§ **INPUT DATA**:
# # # #

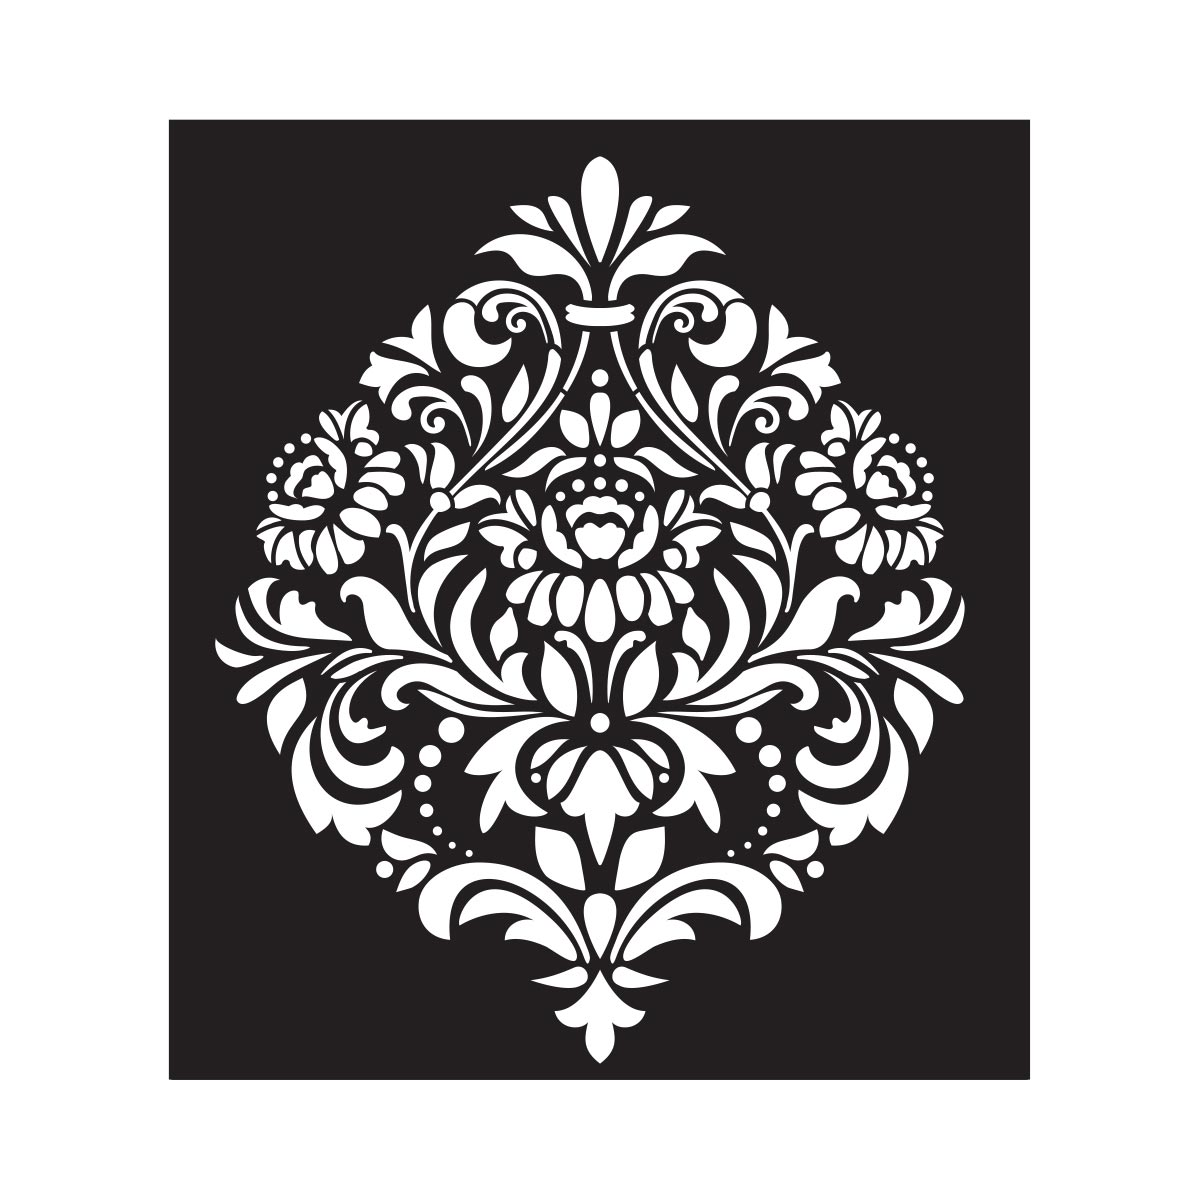 FolkArt ® Painting Stencils - Large - Damask 2 - 13214
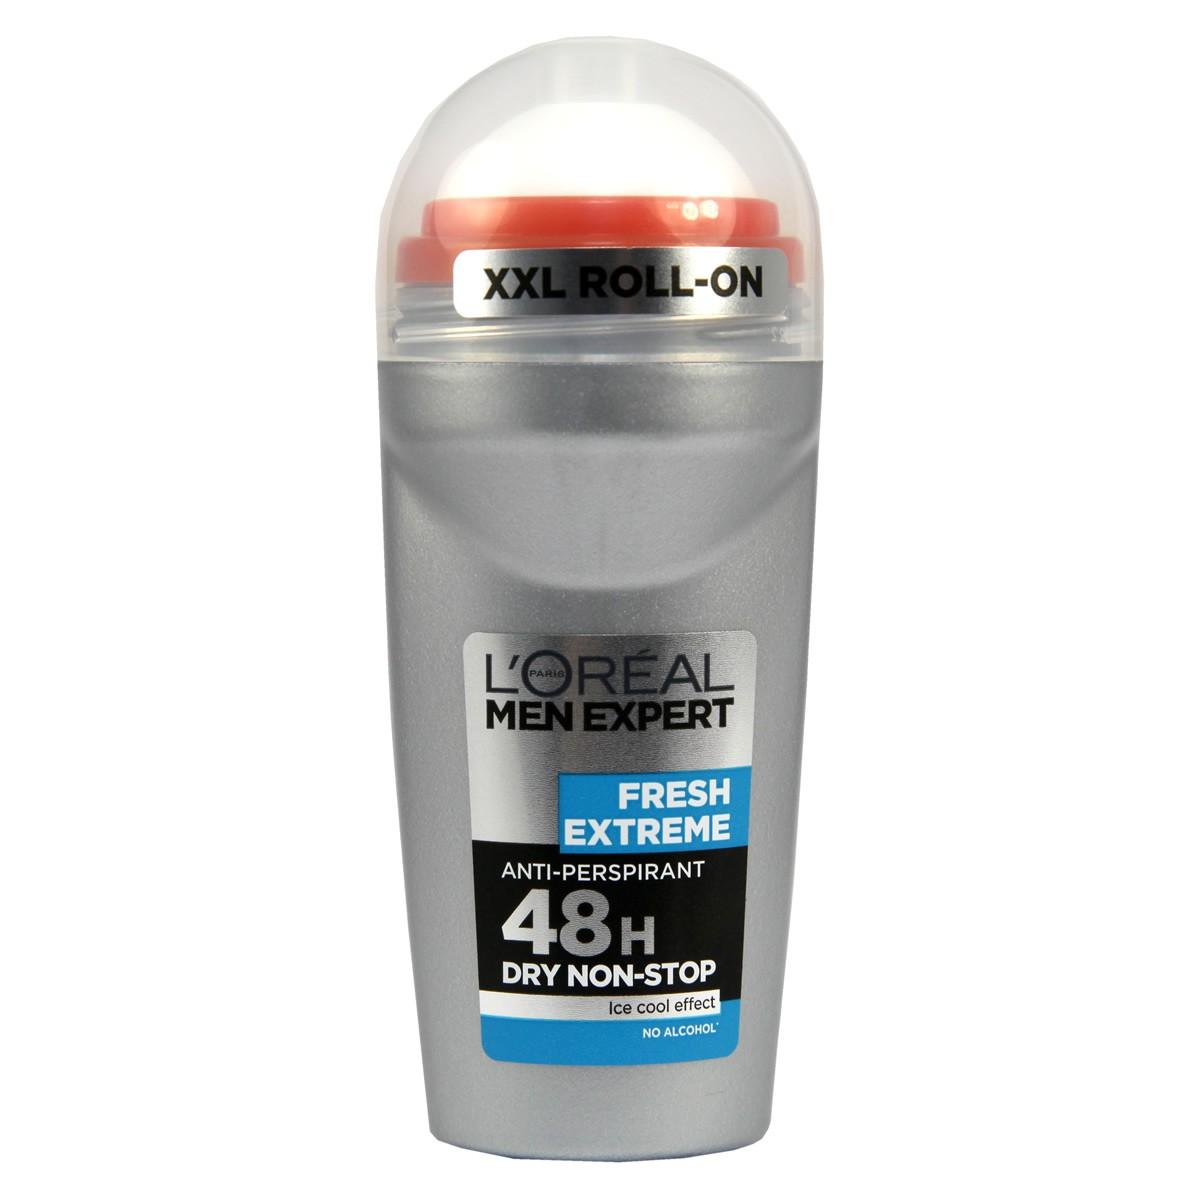 L'Oreal Paris Men Expert Fresh Extreme 48H Deodorant Roll-On
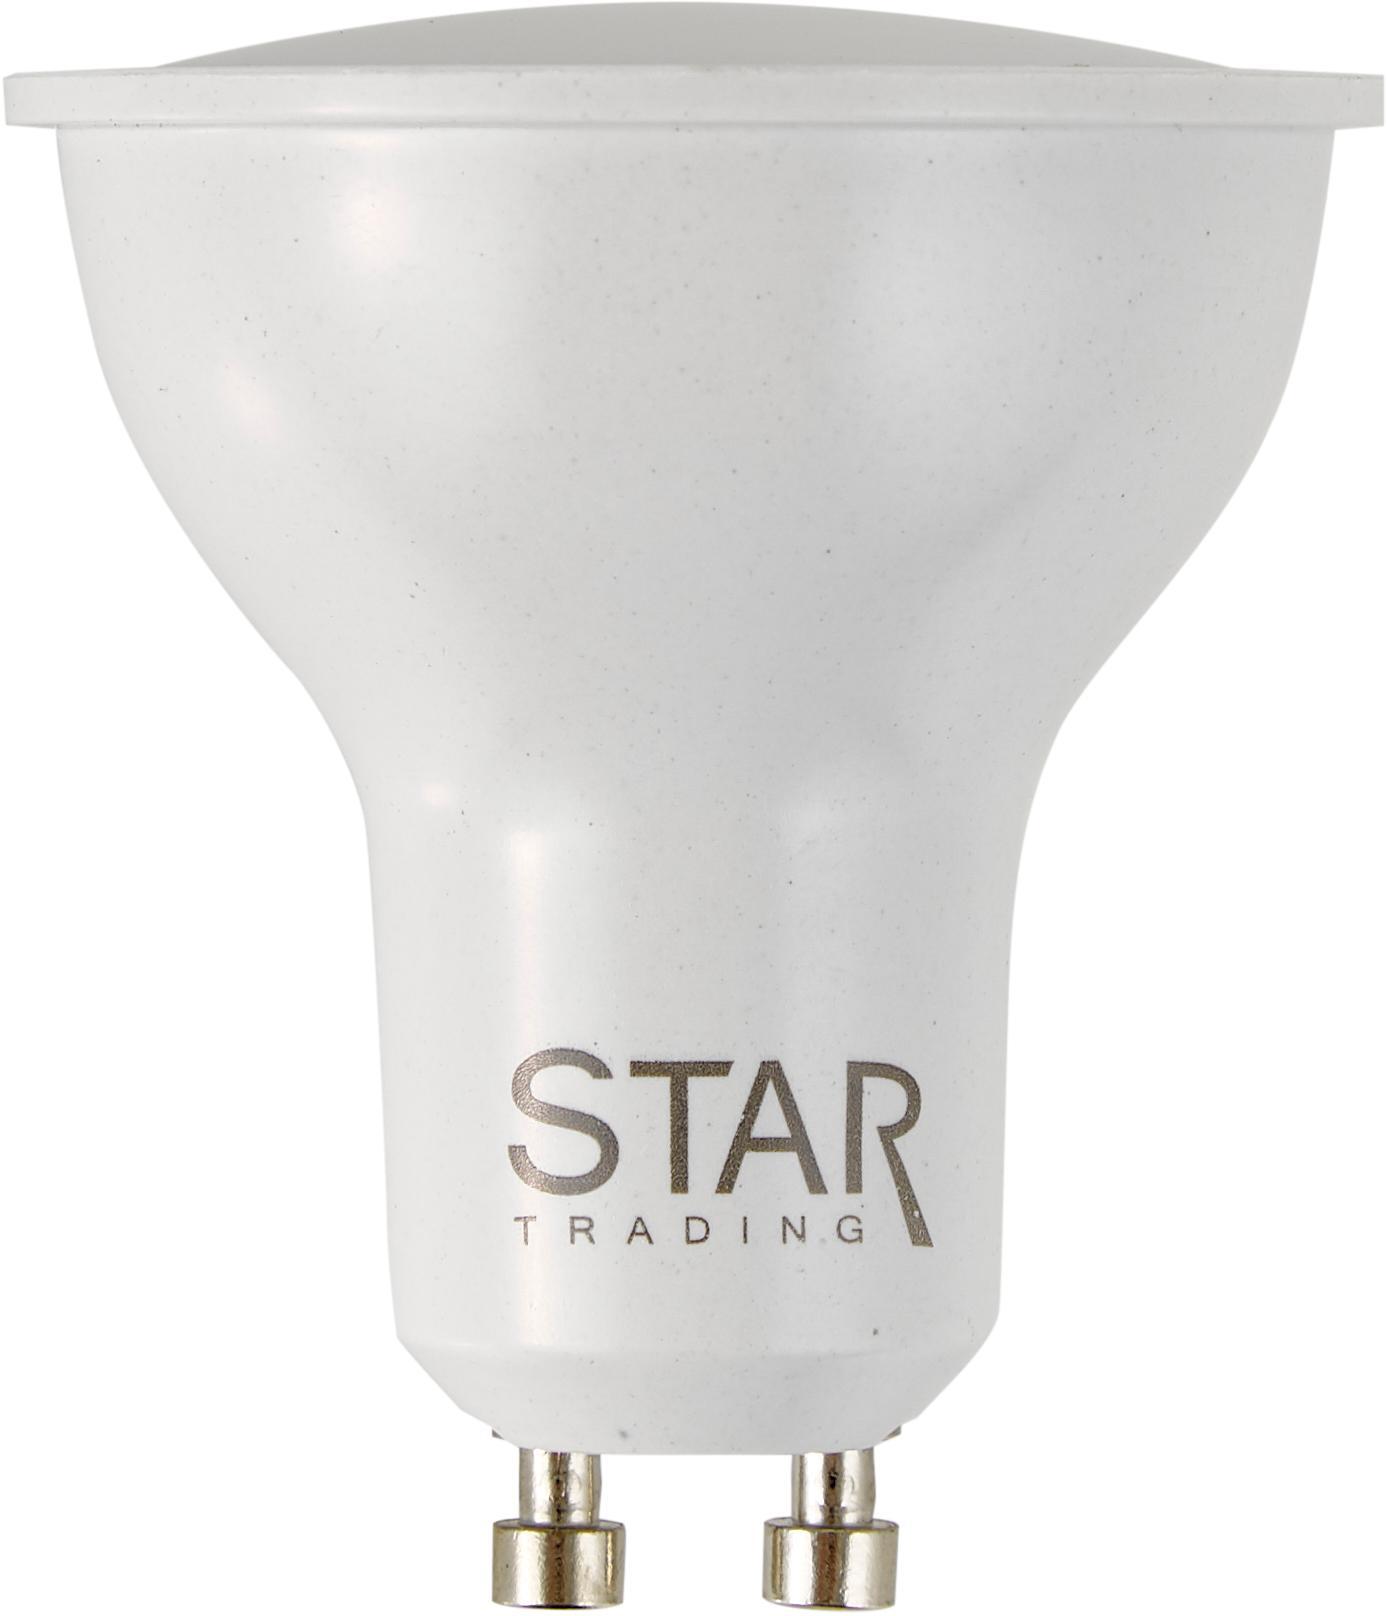 Dimmbares LED Leuchtmittel Dim To Warm (GU10/5.5W), Leuchtmittelschirm: Kunststoff, Leuchtmittelfassung: Aluminium, Weiß, Ø 5 x H 6 cm

# # # #

§ **TASK TO COMPLETE**:
Nothing but the pictures may be dropped; restate the material word for word.

§ **OUTPUT OF THE TASK**:
 FolkArt ® Painting Stencils - Large - Damask 2 - 13214
 L'Oreal Paris Men Expert Fresh Extreme 48H Deodorant Roll-On
 Dimmbares LED Leuchtmittel Dim To Warm (GU10/5.5W), Leuchtmittelschirm: Kunststoff, Leuchtmittelfassung: Aluminium, Weiß, Ø 5 x H 6 cm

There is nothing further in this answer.